Over the last several years in Philadelphia, we have witnessed the erection of the first monument to a Black man in our city, abolitionist Octavius Catto; the first mural to a legal and civic giant, A. Leon Higginbotham, Jr.; a community effort to rename a street from Taney — named for the Supreme Court justice who wrote the Dred Scott decision — for Caroline LeCount, Philly’s own Rosa Parks; and a school renamed from racist president Andrew Jackson to former slave-turned-educator Fanny Coppin Jackson.

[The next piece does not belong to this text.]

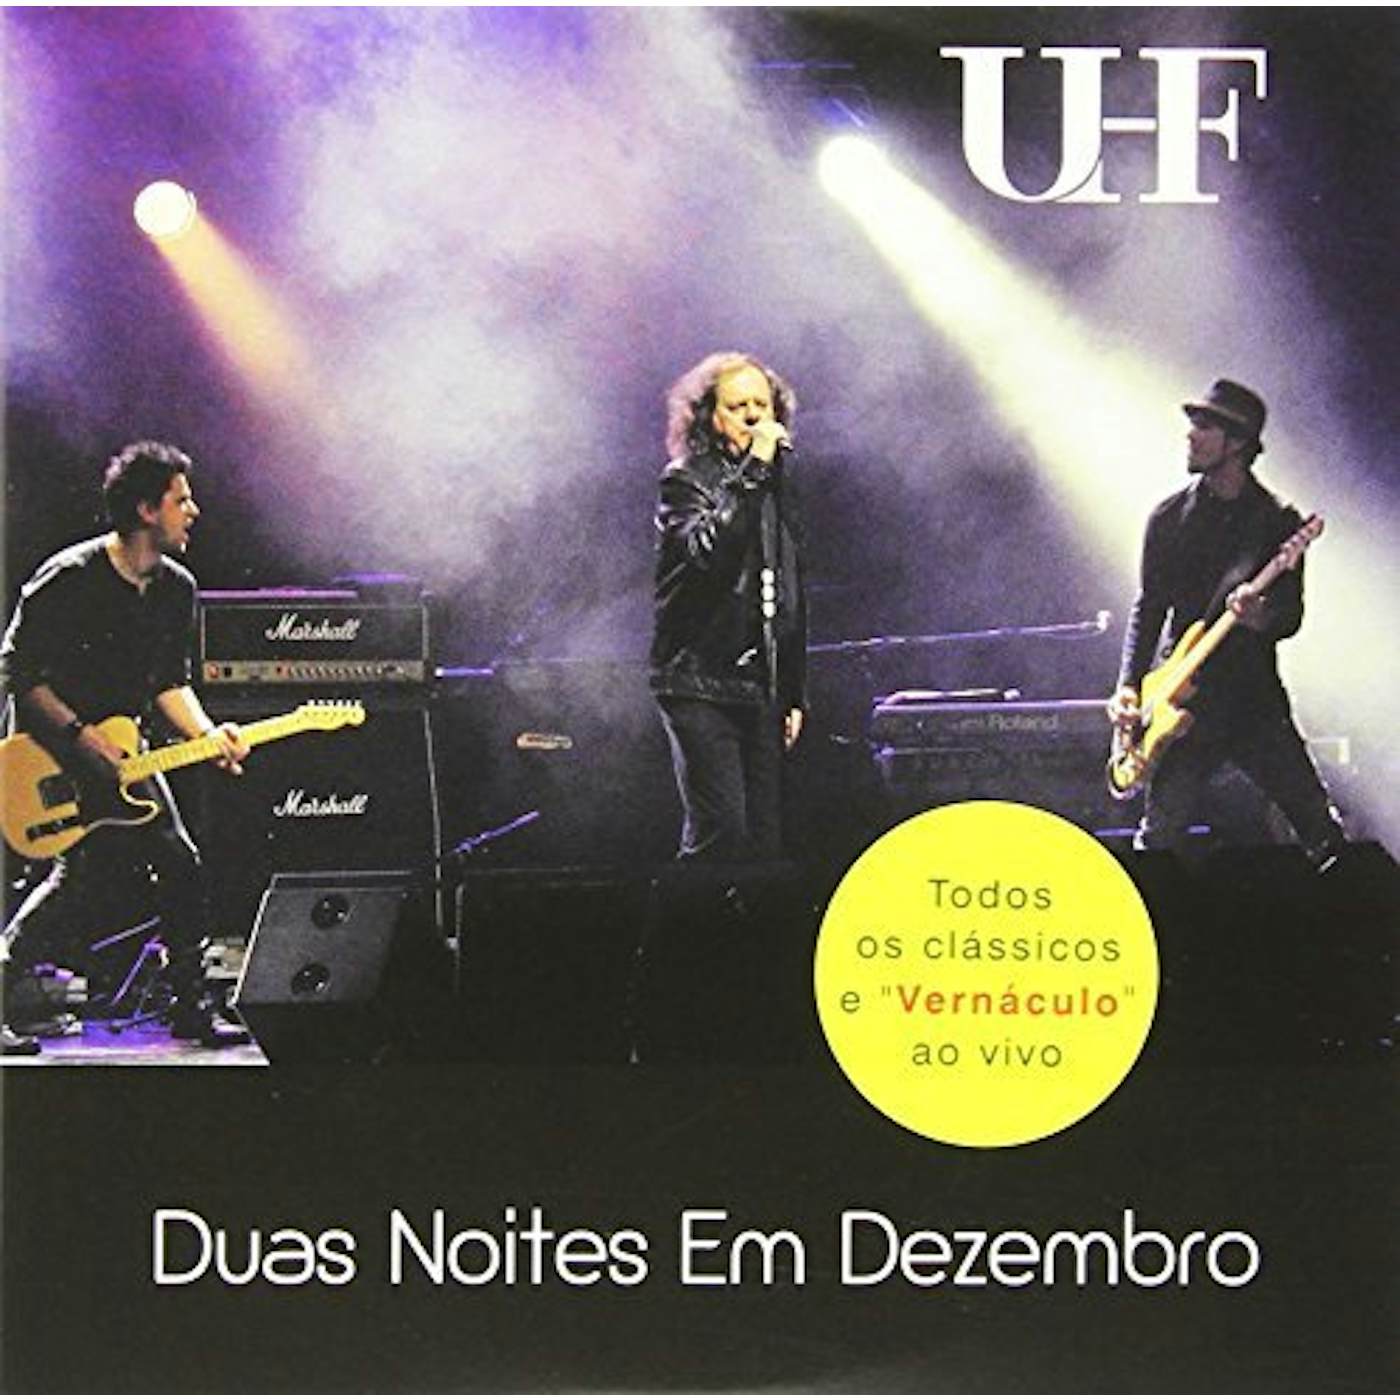 UHF DUAS NOITES DE DEZEMBRO LIVE CD

Like these people, to me, the All Stars are the everyday folks who are doing the heavy lifting for their race and culture: Teachers, sanitation workers, people who work the traffic lights and run nurseries — both for kids and for your grass — the people who are clerks in local stores. They are the preachers who reach masses of people on a daily basis; the writers whose praises don’t get as well-sung as they should; the social activists who are out there trying to make a better life for us even when we don’t understand what’s at stake.
These are the people Dr. Martin Luther King, Jr., referred to as the “ground crew without whose labor and sacrifices the jet flights to freedom could never have left the earth.”
01
William T. Coleman Jr.
Lawyer
William T. Coleman Jr.
Lawyer
1920-2017
A lifelong Philadelphian, William T. Coleman Jr. is most famous for drafting the plaintiff’s briefs in the landmark civil rights case Brown V. Board of Education, at the behest of future Supreme Court Justice Thurgood Marshall, while he was an attorney at Dilworth Paxson.
Coleman was a legal giant both in Philadelphia and the country. He graduated first in his class from Harvard Law; was the first African American to serve as a Supreme Court Law Clerk; the first Black partner in a White law firm; and the second ever Black cabinet member, as Transportation Secretary under President Ford.
A Republican with a flair for style, Coleman served on the boards of several corporations, including PepsiCo, IBM and Chase Manhattan. As a lawyer he was instrumental in shaping the rights of Black Americans, through 19 cases he argued before the Supreme Court and during his tenure as president of the NAACP Legal Defense and Education Fund. He was awarded the Presidential Medal of Freedom by Pres. Clinton in 1995.
Accomplishments:
- Plaintiff’s attorney on Brown vs. Board of Education
- First Black American to serve as a Supreme Court law clerk
- First Black Transportation Department Secretary. In 2020, the department’s HQ was renamed in his honor
- First Black associate and then partner of a White law firm
Final word: “Bill Coleman was a rare and inspiring figure who devoted his own ambition and his own propensity for hard work not just to making his own good luck, but to making life better for his fellow Americans, both in his own time and for generations to follow,” wrote Ajay Raju, former Dilworth Paxson chair and Citizen board member.